Dataset entries:
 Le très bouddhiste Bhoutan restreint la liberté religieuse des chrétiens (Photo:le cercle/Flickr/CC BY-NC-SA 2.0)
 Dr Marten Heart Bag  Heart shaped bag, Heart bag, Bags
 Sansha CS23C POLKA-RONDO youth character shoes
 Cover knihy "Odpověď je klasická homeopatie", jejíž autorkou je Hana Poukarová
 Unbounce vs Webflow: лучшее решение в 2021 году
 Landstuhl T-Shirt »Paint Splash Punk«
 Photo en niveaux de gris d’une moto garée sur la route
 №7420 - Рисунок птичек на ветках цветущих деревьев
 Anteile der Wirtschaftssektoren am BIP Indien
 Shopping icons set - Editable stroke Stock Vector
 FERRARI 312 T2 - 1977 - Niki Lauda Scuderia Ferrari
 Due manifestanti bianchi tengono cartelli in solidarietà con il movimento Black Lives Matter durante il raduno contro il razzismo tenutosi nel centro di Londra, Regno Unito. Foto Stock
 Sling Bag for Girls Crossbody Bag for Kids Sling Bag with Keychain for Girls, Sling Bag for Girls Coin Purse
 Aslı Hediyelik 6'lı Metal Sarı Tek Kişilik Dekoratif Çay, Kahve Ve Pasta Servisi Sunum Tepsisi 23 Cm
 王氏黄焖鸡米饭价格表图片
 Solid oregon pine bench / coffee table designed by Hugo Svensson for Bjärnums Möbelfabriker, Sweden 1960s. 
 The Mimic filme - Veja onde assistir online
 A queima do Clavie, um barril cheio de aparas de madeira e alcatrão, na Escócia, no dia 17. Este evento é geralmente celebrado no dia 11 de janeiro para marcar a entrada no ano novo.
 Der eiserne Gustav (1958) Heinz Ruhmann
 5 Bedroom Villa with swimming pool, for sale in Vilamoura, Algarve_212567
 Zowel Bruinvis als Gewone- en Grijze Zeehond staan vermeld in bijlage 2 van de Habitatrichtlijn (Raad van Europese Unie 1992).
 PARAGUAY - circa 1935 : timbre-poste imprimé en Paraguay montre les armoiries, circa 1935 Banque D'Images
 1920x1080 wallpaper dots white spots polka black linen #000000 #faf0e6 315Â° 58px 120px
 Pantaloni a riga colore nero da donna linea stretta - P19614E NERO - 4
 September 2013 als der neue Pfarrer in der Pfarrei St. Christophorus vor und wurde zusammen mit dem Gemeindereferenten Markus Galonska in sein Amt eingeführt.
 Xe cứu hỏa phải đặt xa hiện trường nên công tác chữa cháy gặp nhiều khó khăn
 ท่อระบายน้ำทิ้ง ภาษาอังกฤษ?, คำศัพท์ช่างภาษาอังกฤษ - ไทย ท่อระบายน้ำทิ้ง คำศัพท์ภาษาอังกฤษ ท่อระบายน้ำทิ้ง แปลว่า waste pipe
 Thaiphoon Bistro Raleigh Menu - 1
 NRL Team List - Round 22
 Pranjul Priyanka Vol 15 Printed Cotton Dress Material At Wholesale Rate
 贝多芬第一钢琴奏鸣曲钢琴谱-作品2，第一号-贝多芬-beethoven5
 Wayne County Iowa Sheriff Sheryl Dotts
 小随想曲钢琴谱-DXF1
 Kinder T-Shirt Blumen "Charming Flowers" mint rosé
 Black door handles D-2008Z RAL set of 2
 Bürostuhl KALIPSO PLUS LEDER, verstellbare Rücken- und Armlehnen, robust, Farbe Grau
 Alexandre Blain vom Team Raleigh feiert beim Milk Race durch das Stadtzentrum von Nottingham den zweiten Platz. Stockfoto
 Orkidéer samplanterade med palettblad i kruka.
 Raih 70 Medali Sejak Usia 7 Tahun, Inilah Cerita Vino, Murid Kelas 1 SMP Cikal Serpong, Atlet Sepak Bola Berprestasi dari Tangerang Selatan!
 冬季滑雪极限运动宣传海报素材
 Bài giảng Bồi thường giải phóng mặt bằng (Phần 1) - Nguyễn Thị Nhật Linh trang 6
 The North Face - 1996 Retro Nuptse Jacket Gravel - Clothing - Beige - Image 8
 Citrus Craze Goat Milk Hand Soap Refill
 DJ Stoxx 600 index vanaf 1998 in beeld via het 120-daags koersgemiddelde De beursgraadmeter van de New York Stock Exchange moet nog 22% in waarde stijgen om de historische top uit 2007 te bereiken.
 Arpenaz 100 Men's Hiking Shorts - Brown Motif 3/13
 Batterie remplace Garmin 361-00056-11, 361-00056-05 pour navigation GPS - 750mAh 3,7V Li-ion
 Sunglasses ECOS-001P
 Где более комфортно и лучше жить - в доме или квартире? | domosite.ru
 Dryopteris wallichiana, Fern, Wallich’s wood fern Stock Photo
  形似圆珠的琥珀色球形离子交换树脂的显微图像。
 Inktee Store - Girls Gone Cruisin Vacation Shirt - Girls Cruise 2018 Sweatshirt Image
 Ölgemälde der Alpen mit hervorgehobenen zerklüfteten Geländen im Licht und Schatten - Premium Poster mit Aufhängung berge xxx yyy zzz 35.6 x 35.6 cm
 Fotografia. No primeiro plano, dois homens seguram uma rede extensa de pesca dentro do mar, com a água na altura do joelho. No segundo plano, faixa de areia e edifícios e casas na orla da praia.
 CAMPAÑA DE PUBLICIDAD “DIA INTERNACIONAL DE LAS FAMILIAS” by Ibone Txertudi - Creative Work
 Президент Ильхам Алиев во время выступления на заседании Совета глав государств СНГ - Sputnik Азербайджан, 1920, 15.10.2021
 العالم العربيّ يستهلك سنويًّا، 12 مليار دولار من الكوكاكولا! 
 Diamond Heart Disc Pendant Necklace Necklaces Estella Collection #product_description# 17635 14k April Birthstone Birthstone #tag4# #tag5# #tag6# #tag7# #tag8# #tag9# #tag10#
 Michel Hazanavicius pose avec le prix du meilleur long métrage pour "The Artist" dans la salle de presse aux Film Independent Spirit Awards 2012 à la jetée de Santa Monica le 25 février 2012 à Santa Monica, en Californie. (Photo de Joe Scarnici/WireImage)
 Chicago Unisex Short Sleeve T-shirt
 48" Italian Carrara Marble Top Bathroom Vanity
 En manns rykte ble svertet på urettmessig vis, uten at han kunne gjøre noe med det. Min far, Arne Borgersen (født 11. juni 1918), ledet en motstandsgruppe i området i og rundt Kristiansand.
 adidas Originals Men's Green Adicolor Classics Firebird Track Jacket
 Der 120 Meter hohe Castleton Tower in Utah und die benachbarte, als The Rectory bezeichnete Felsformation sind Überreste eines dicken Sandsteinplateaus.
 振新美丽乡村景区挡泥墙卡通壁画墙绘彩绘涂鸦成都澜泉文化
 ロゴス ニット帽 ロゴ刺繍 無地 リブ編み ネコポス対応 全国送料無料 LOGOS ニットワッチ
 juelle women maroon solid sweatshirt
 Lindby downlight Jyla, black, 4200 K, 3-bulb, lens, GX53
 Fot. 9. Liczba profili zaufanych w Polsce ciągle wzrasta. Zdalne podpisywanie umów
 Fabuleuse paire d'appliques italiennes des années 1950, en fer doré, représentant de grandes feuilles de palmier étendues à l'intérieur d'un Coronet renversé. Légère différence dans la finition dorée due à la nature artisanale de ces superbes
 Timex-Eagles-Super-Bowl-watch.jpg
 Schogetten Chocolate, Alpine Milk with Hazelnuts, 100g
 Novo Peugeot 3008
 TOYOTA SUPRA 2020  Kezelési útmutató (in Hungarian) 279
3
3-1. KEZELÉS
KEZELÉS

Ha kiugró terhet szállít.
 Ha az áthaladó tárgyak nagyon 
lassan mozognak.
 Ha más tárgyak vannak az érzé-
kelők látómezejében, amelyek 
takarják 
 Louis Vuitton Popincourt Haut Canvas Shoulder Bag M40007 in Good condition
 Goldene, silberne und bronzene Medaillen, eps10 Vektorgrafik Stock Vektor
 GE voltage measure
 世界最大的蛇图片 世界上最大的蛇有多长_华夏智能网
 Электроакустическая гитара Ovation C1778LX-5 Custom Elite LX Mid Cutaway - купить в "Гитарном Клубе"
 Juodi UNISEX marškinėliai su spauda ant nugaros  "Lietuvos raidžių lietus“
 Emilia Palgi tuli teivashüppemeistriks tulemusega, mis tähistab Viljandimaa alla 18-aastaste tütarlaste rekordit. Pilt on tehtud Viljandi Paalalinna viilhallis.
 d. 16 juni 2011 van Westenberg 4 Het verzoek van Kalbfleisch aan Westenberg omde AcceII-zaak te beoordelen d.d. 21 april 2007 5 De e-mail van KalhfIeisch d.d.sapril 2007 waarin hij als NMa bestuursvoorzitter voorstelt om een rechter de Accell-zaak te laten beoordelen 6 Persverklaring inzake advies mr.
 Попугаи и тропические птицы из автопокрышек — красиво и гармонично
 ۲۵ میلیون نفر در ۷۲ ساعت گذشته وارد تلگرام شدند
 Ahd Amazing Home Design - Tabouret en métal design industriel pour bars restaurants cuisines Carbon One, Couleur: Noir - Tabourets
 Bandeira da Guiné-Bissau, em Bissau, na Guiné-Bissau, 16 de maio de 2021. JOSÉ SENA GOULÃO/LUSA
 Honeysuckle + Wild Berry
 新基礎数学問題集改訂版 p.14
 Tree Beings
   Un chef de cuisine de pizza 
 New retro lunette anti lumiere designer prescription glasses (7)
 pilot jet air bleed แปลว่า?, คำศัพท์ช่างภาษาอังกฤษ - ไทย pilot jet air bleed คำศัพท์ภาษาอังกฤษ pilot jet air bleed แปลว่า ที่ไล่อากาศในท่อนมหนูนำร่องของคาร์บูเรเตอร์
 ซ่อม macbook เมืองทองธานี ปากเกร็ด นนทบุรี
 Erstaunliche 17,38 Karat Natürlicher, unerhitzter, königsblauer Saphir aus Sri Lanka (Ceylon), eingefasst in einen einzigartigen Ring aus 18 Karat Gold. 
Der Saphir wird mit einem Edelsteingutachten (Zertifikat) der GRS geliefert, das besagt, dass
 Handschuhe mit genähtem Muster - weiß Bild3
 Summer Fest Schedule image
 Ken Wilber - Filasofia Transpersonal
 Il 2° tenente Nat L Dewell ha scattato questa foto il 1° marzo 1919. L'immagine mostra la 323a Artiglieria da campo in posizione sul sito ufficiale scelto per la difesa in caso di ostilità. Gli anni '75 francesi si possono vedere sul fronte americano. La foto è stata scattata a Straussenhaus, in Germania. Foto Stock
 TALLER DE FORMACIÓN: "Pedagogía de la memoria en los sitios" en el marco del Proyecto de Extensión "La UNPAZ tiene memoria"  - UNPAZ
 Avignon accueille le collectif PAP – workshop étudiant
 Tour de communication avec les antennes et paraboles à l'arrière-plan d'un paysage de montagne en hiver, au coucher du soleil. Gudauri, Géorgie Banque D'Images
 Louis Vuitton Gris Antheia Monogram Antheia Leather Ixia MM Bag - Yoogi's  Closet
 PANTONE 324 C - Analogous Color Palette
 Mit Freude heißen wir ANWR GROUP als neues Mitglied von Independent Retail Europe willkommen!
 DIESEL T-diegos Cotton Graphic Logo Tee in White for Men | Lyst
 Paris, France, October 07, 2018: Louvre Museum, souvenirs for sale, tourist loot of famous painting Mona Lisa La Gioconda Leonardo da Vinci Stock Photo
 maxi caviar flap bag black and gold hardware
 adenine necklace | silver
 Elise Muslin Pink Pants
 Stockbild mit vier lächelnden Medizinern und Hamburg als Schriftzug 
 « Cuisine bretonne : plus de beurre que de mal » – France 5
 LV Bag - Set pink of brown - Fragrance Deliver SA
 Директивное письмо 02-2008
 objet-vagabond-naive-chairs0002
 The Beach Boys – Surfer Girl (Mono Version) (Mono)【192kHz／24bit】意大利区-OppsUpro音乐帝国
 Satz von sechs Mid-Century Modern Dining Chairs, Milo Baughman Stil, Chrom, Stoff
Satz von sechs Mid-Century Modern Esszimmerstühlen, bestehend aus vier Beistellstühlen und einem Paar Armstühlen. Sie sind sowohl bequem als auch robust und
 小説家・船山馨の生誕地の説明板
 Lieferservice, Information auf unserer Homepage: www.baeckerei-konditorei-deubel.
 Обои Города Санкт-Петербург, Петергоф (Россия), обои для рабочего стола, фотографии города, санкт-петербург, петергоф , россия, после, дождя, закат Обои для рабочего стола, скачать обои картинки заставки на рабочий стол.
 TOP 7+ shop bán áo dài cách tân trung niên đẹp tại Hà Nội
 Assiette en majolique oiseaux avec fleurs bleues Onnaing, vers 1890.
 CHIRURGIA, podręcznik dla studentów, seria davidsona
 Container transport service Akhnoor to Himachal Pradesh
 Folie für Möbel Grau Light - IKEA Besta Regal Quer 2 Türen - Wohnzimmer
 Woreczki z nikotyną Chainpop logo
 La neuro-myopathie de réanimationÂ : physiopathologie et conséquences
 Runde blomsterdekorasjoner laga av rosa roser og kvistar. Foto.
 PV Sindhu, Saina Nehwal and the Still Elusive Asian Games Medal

[Exercise directions]: Word for word, retype the lines from the one containing "Mit Freude heißen" through the final line of the data, including both ends and nothing more.

[Result of this task]:
 Mit Freude heißen wir ANWR GROUP als neues Mitglied von Independent Retail Europe willkommen!
 DIESEL T-diegos Cotton Graphic Logo Tee in White for Men | Lyst
 Paris, France, October 07, 2018: Louvre Museum, souvenirs for sale, tourist loot of famous painting Mona Lisa La Gioconda Leonardo da Vinci Stock Photo
 maxi caviar flap bag black and gold hardware
 adenine necklace | silver
 Elise Muslin Pink Pants
 Stockbild mit vier lächelnden Medizinern und Hamburg als Schriftzug 
 « Cuisine bretonne : plus de beurre que de mal » – France 5
 LV Bag - Set pink of brown - Fragrance Deliver SA
 Директивное письмо 02-2008
 objet-vagabond-naive-chairs0002
 The Beach Boys – Surfer Girl (Mono Version) (Mono)【192kHz／24bit】意大利区-OppsUpro音乐帝国
 Satz von sechs Mid-Century Modern Dining Chairs, Milo Baughman Stil, Chrom, Stoff
Satz von sechs Mid-Century Modern Esszimmerstühlen, bestehend aus vier Beistellstühlen und einem Paar Armstühlen. Sie sind sowohl bequem als auch robust und
 小説家・船山馨の生誕地の説明板
 Lieferservice, Information auf unserer Homepage: www.baeckerei-konditorei-deubel.
 Обои Города Санкт-Петербург, Петергоф (Россия), обои для рабочего стола, фотографии города, санкт-петербург, петергоф , россия, после, дождя, закат Обои для рабочего стола, скачать обои картинки заставки на рабочий стол.
 TOP 7+ shop bán áo dài cách tân trung niên đẹp tại Hà Nội
 Assiette en majolique oiseaux avec fleurs bleues Onnaing, vers 1890.
 CHIRURGIA, podręcznik dla studentów, seria davidsona
 Container transport service Akhnoor to Himachal Pradesh
 Folie für Möbel Grau Light - IKEA Besta Regal Quer 2 Türen - Wohnzimmer
 Woreczki z nikotyną Chainpop logo
 La neuro-myopathie de réanimationÂ : physiopathologie et conséquences
 Runde blomsterdekorasjoner laga av rosa roser og kvistar. Foto.
 PV Sindhu, Saina Nehwal and the Still Elusive Asian Games Medal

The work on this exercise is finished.